Reference to blogs, tweets, discussions, etc that caught my attention during the last week.

Data Modeling

Data Modeling and NoSQL? Data Modeling gets more and more important in the “schema-less” world because a suitable data model ensures data quality, performance, and other characteristics. The slides “Data Modeling deep dive” by MongoDB Inc. illustrate four MongoDB use cases.

Driving Keys and relationship history, one or more tables?” by Roelant Vos shows two alternatives how to implement a driving key relationship defined in a Data Vault Link table. A detailed example is used to show the approaches with one Satellite or two (more) satellites.

Data Architecture

Cache is the new RAM” by Carlos Bueno deals with several tech cycles in the past that were hyped to solve almost any problem, e.g. sharding, NoSQL, MapReduce, etc. And what about 2014 and 2016? In-Memory/RAM again? Very worthwhile and entertaining to read with some tongue-in-cheek messages.

Data Storage

Apache Hadoop 2.6.0 has been released as 4th major release for 2014 with nearly 900 Jira issues solved. The announcement from A. Murthy contains some of the changes with major topics like

  • heterogeneous storage tiers + archival storage
  • security features (e.g. transparent data at rest encryption (beta))
  • support for long-running services in YARN
  • rolling upgrades

See also Hortonworks blog, Cloudera blog or MapR blog for more details.

There is and will be a lot of change around program execution in the Hadoop stack, e.g. Tez, Spark, etc. But what about HDFS data storage? Changes like Parquet, ORCfile were rather small. Curt Monash argues that a more fundamental change in the data storage would make sense: “Hadoop’s next refactoring?” to address issues like caching and especially in-memory inter-program data exchange.

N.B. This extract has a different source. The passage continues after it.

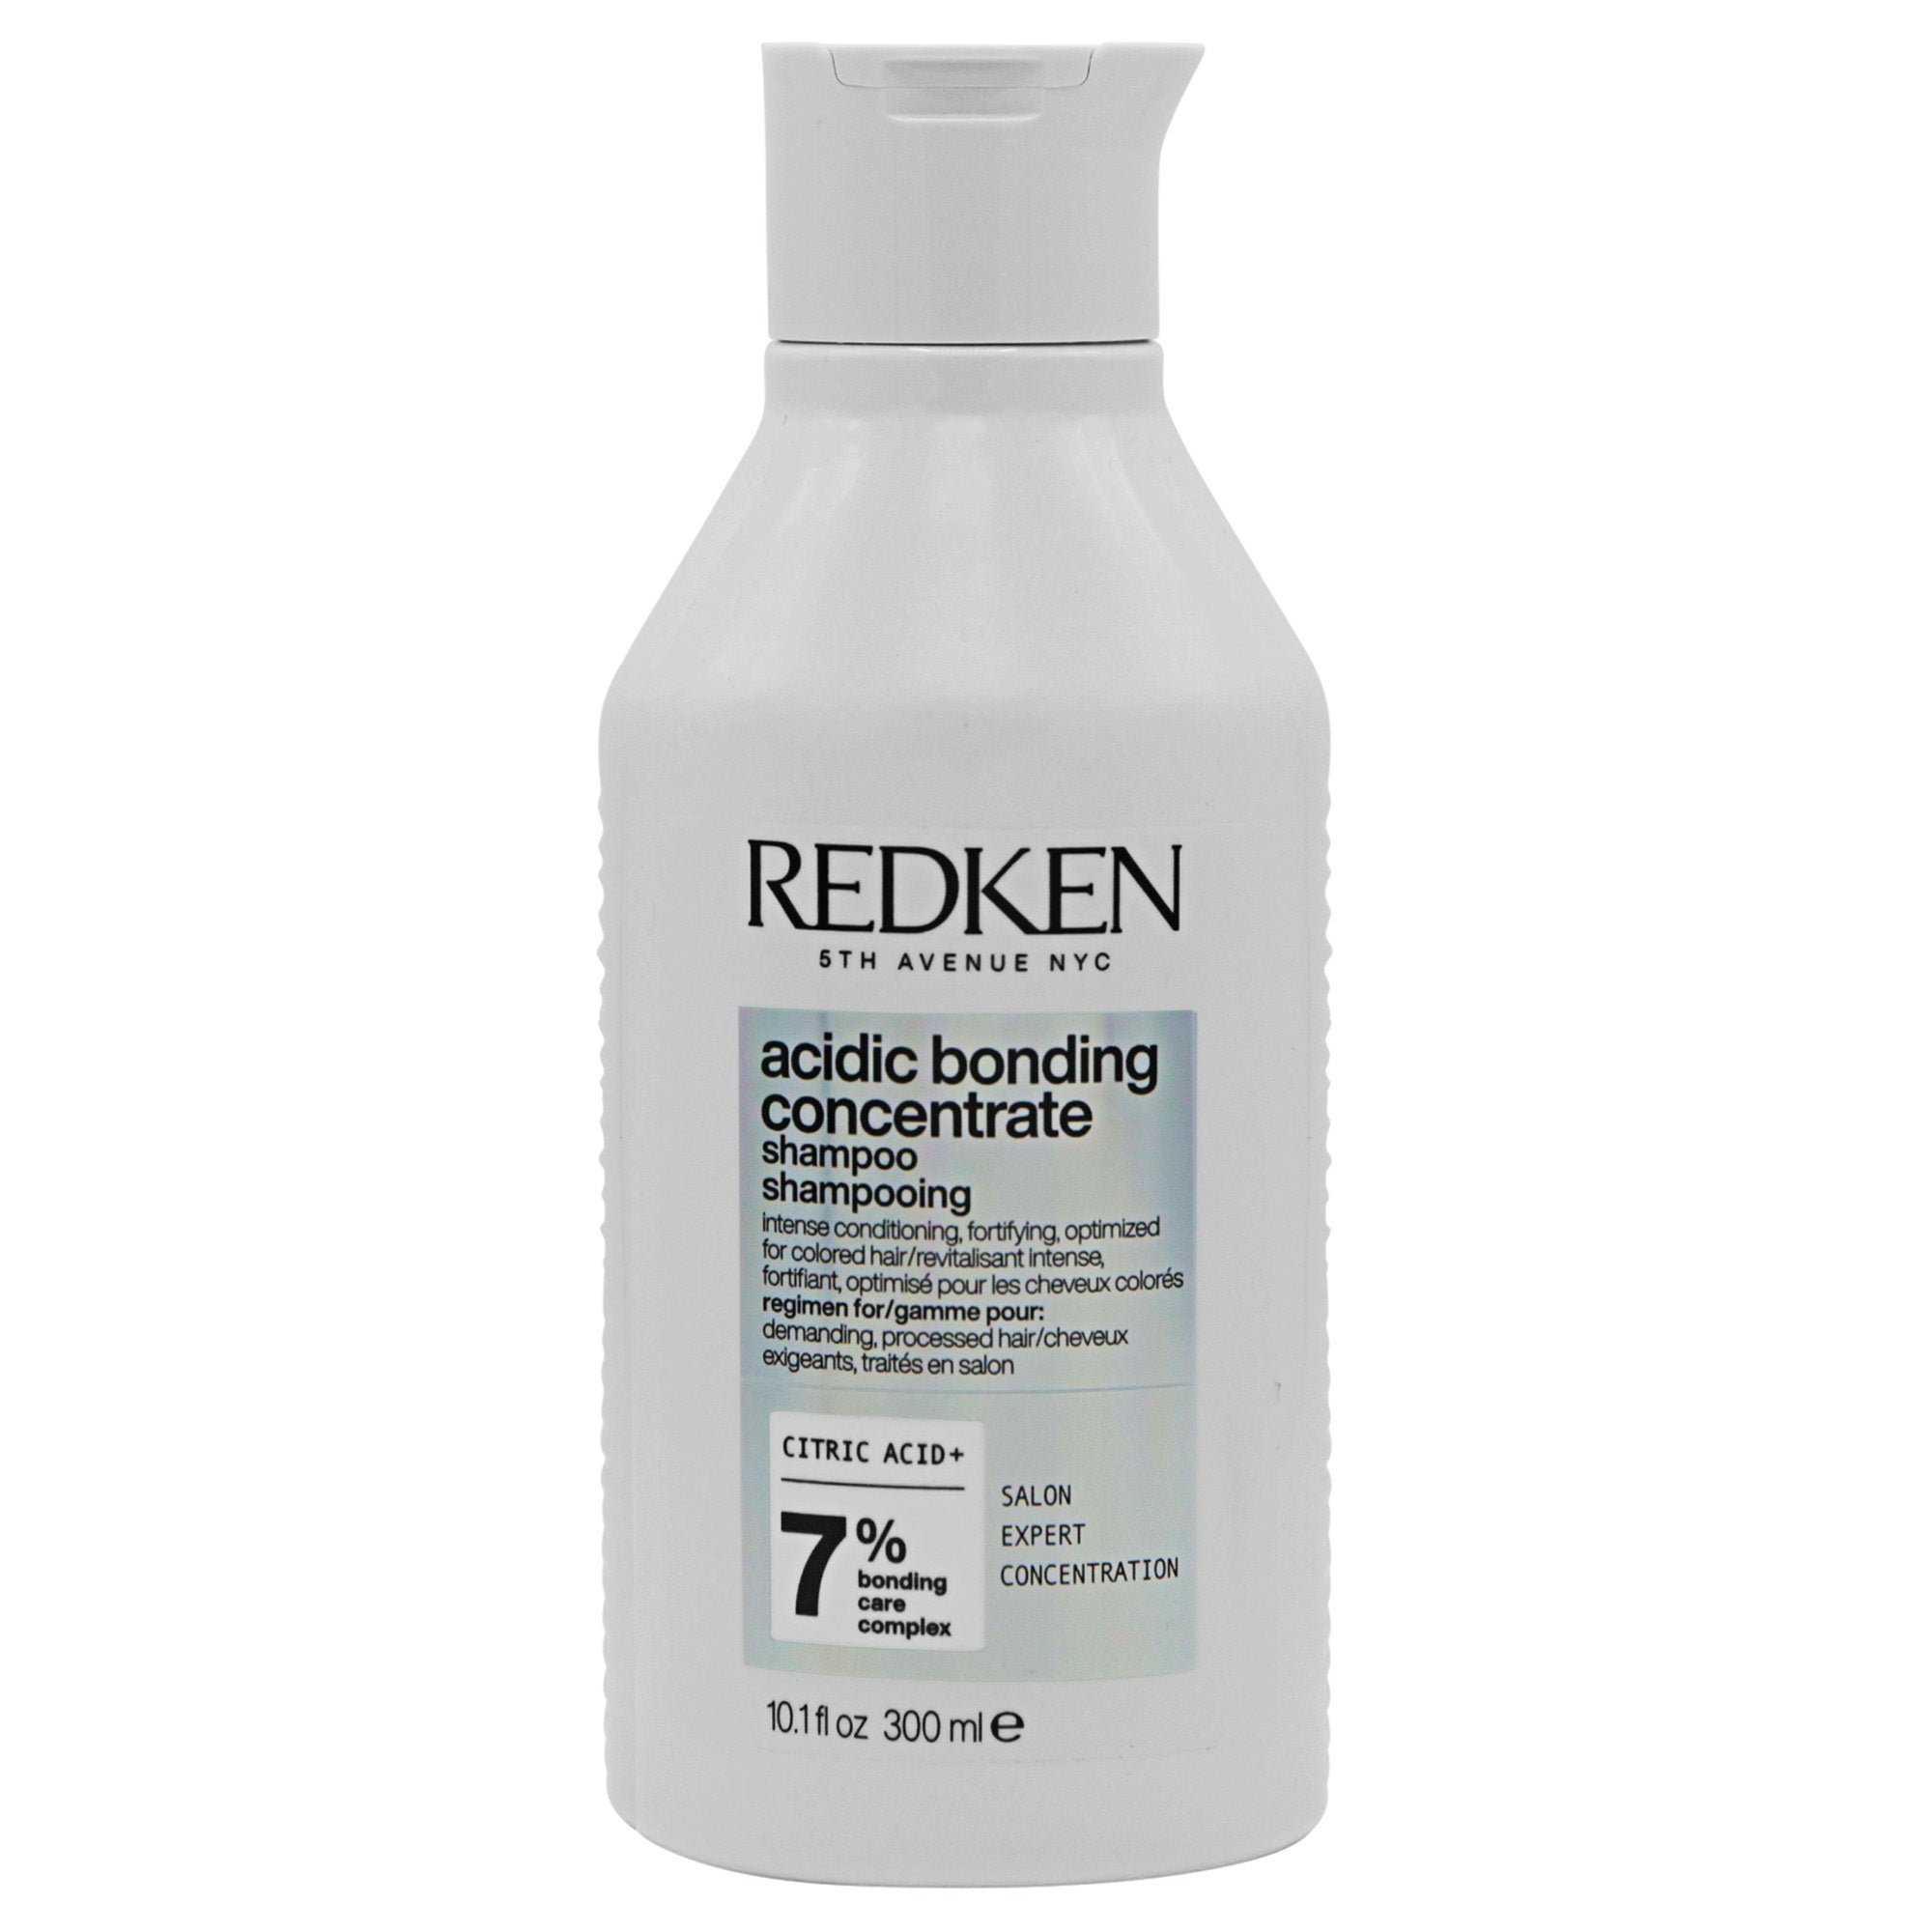 Redken Acidic Bonding Concentrate Shampoo 300ml | OZ & Beauty

Instance caging was introduced in Oracle 11gR2 as a means to limit the available CPU resources. OS Processor Group integration goes a step further and allows to link an instance to a named subset of available CPUs. See Nikolay Manchev’s blog “Processor group integration in Oracle Database 12c” for a detailled description.

Data Tools

Storm and Spark are described as Real Time Streaming engines in the article Storm or Spark? Choose your Real-Time weapon by Andrew C. Oliver. There is no best approach but criteria like embedding the Real Time engine into an existing stack or as a stand-alone solution, multi-language support and others have to be considered.

Data Visualization

The infographic “The Internet is a zoo: The ideal length of everything online” by Mark Uzunian shows statistics about character counts, header length, etc to get most attraction focusing on quantitative criteria (e.g. slides: 6min – 61 slides, blogs: 1500 words, headers: 6 words).

Data Divers

Download a free reportWhen Hardware Meets Software: How the Internet of Things Transforms Design and Manufacturing” published by O’Reilly.

Oracle 12c Parallel execution white paper.